IT can save money on its desktop service-level agreements by mixing and matching the level of support to meet the importance of the device.

When it comes to PC lifecycle management, the optimal way for IT professionals to keep support costs down without user downtime going up is to understand the service-level agreement that works best for their organization.

A service-level agreement (SLA) is an arrangement between the service provider and IT that the service provider will deliver a certain level of support based on specific parameters, such as the severity and frequency of a problem, as well as the time of day when the problem occurs. An SLA is essentially a health or life insurance policy for computers, and there are various SLA options IT pros can choose from.

A typical desktop support SLA that a service provider offers will fall into one of two categories: response time agreements and repair time agreements.

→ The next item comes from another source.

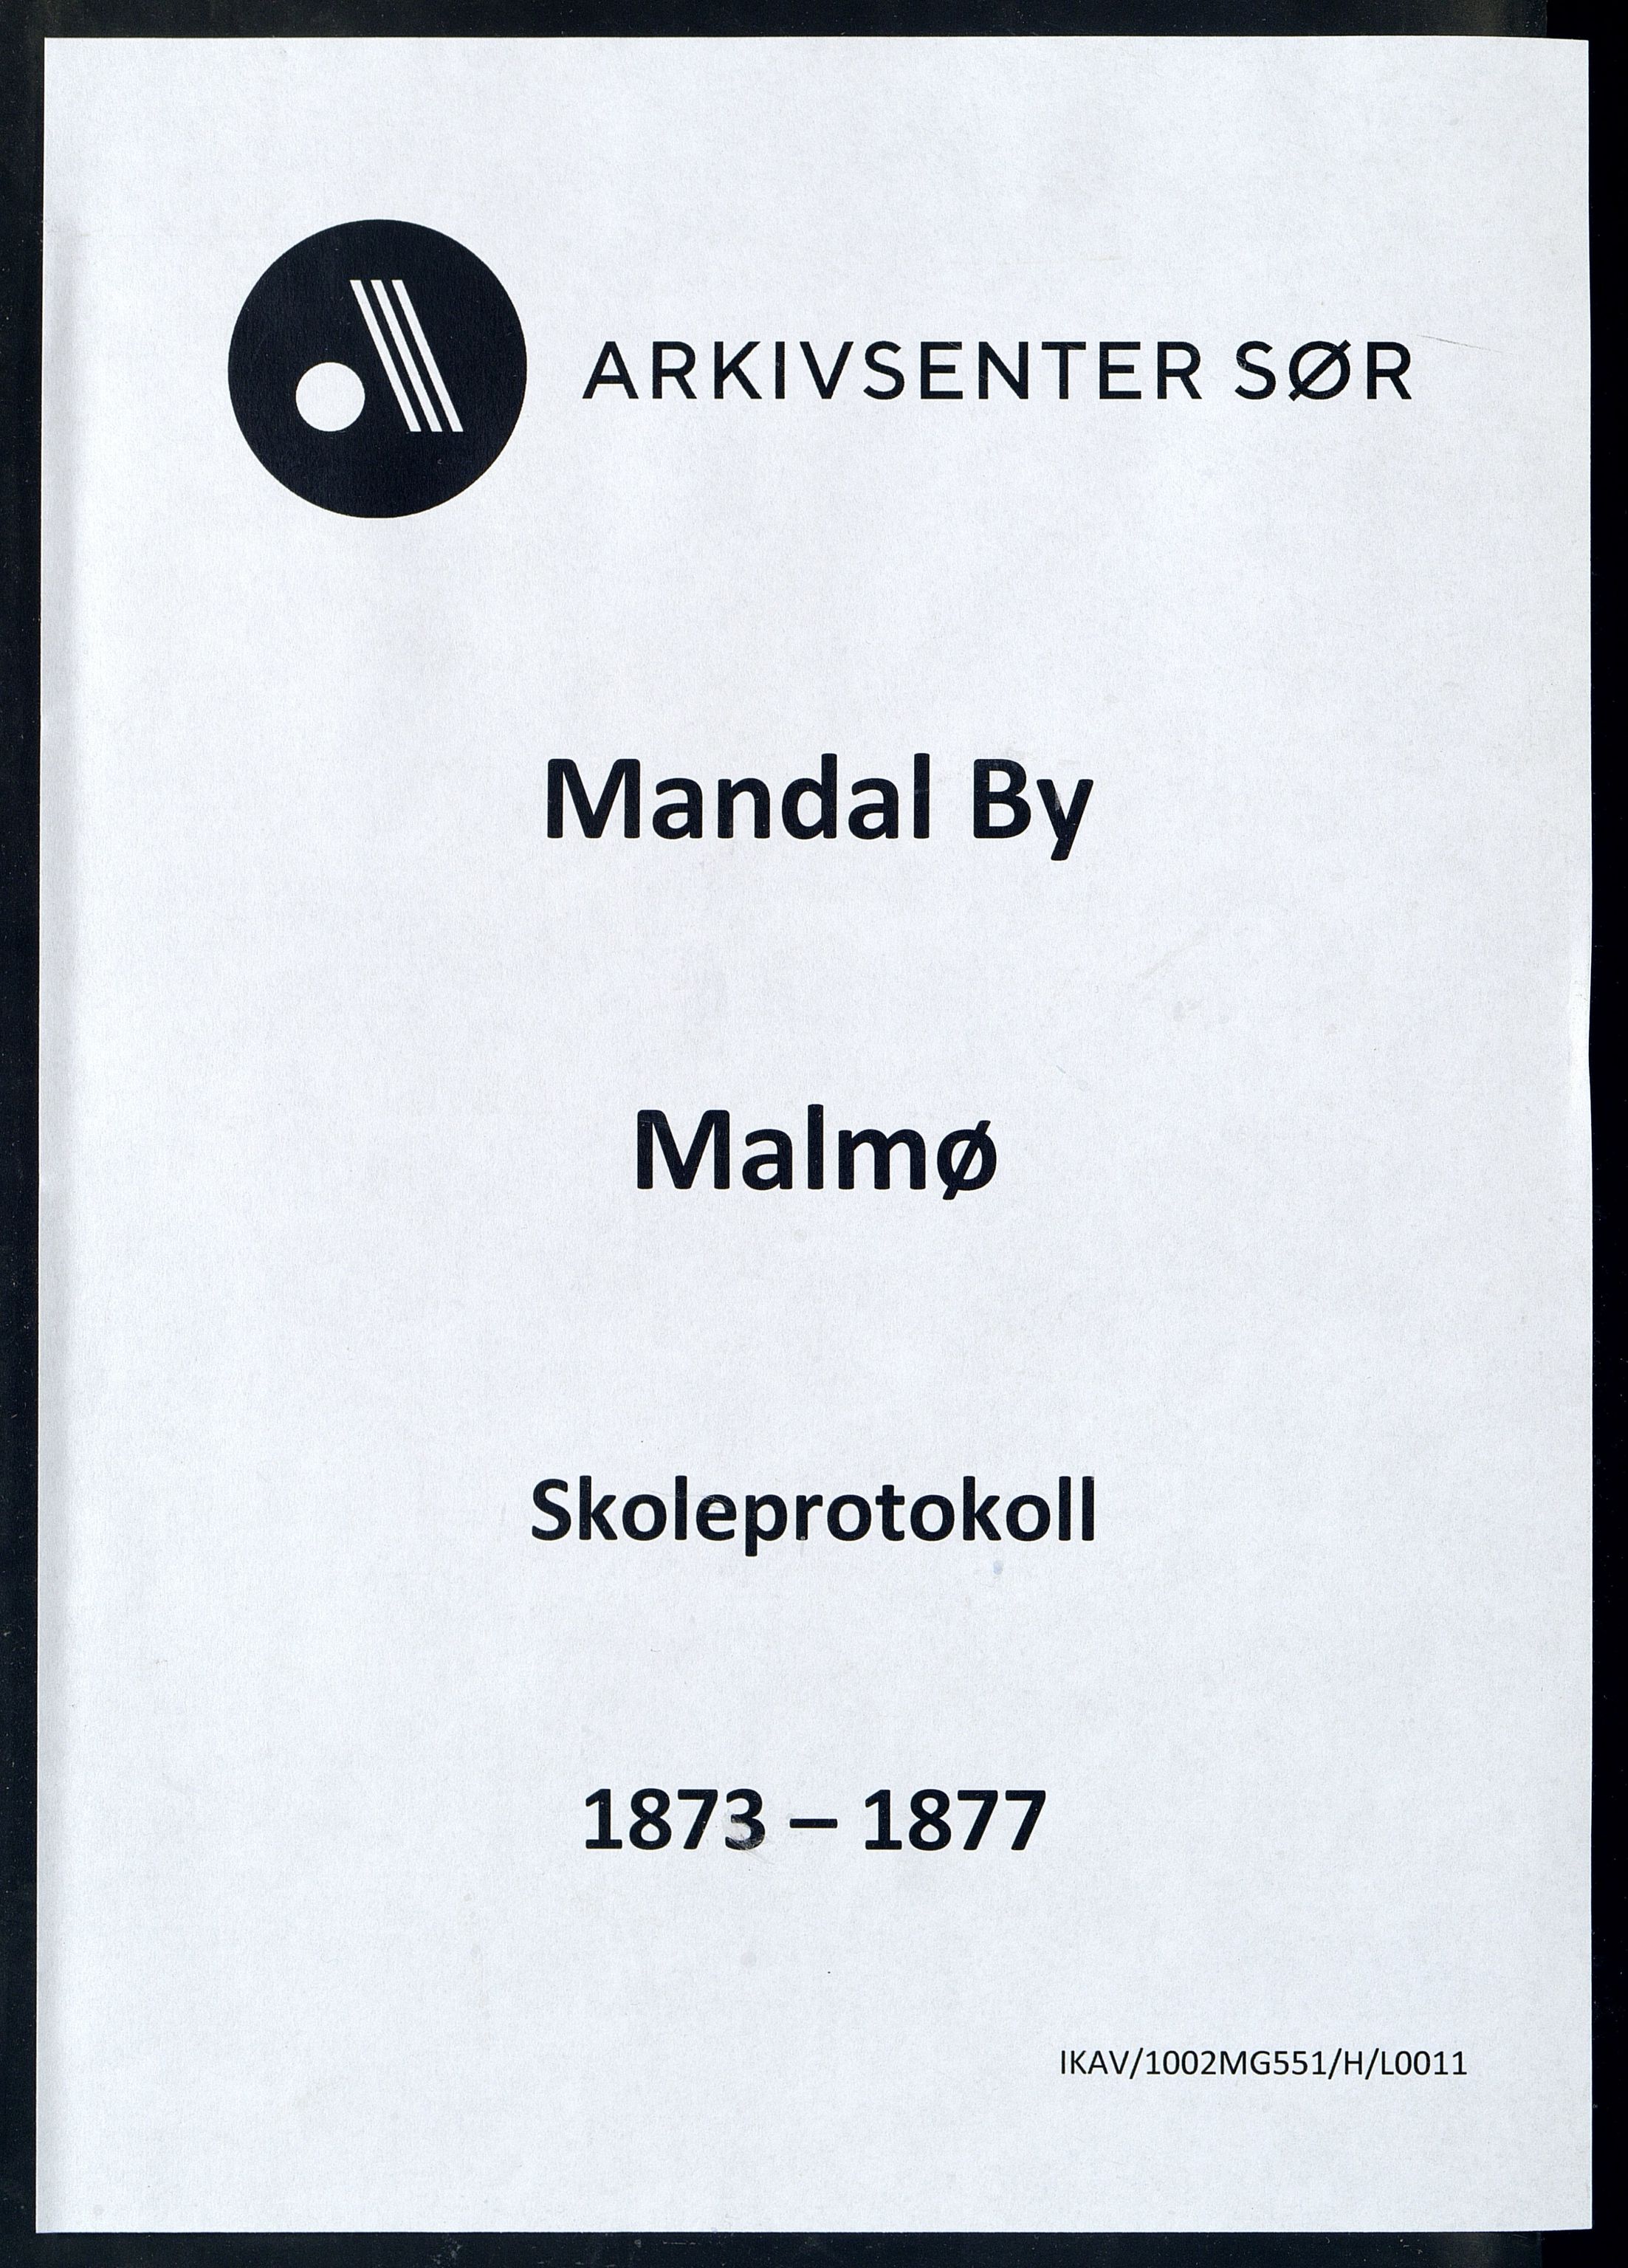 Mandal By - Mandal Allmueskole/Folkeskole/Skole, IKAV/1002MG551/H/L0011: Skoleprotokoll, 1873-1877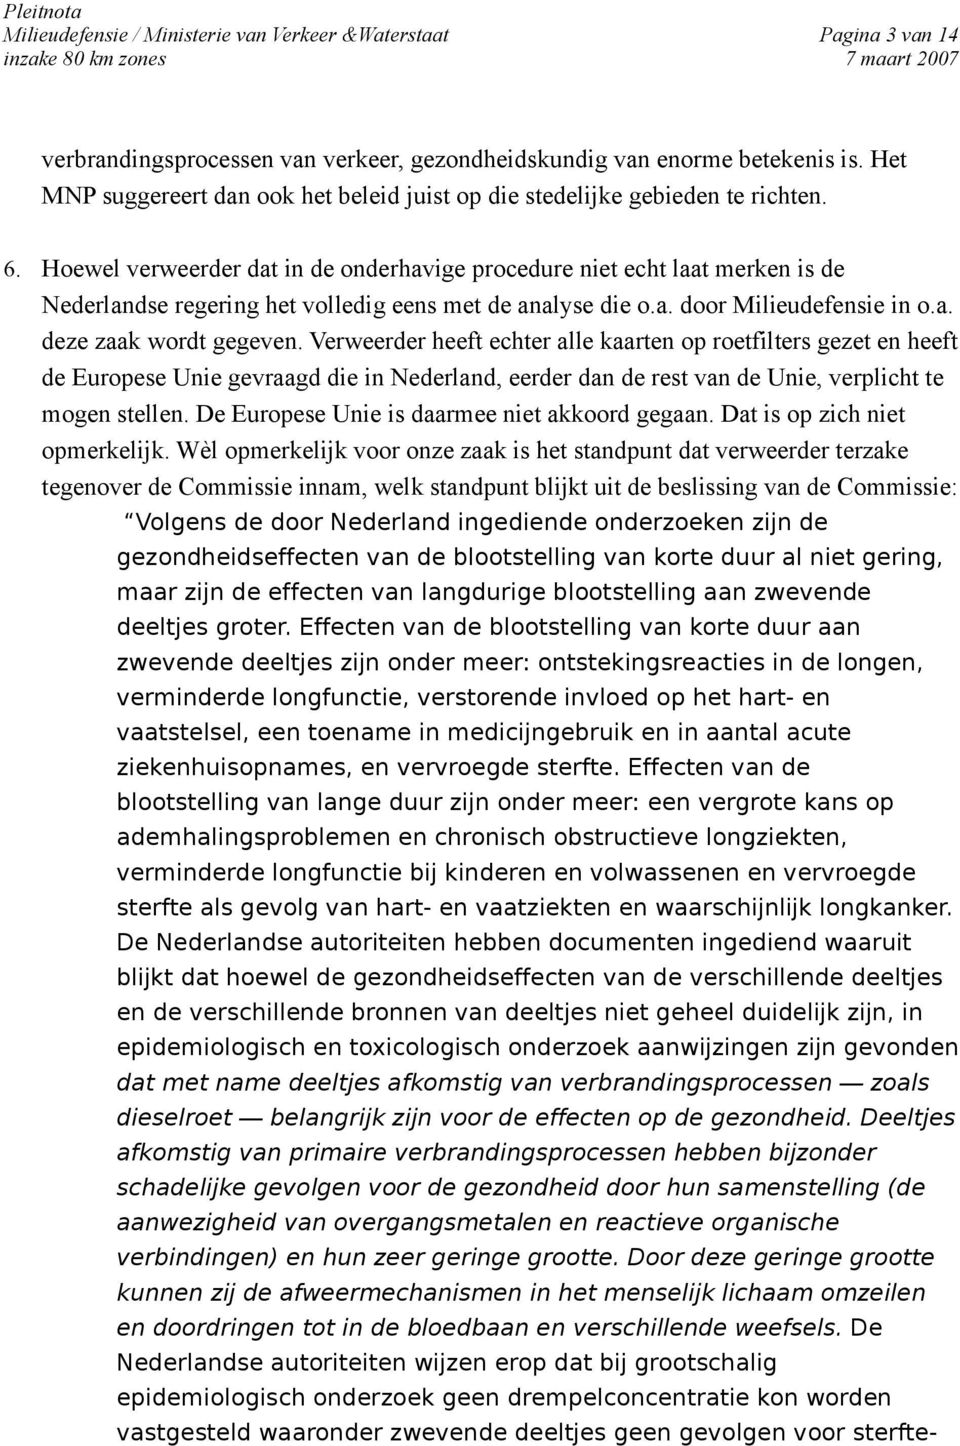 Hoewel verweerder dat in de onderhavige procedure niet echt laat merken is de Nederlandse regering het volledig eens met de analyse die o.a. door Milieudefensie in o.a. deze zaak wordt gegeven.

Response time agreements vs. repair time agreements

A response time desktop support SLA guarantees the specific length of time it will take a technician to respond to the person who made the request. Contact is usually by phone, but it can also be by email or another means of communication. In-person follow up visits are also common.

Response time service-level agreements do not guarantee when the service provider will actually complete the repair, however. IT pros should note what their contract says in terms of response method and options.

Typical response time desktop support SLA terms include:

  • four-hour response, 24/7;
  • eight-hour response, 24/7; and
  • next-day response during business hours -- nine to five.

There is a significant cost difference between a four-hour response and a next-day response.

A repair time desktop response SLA guarantees that the service provider will finish a repair within a given period of time. Because IT can generally replace PCs and desktops quickly with spares, or can reimage the devices themselves rather than logging a service call, repair time agreements are usually reserved for business-critical devices, such as servers hosting virtual machines or databases.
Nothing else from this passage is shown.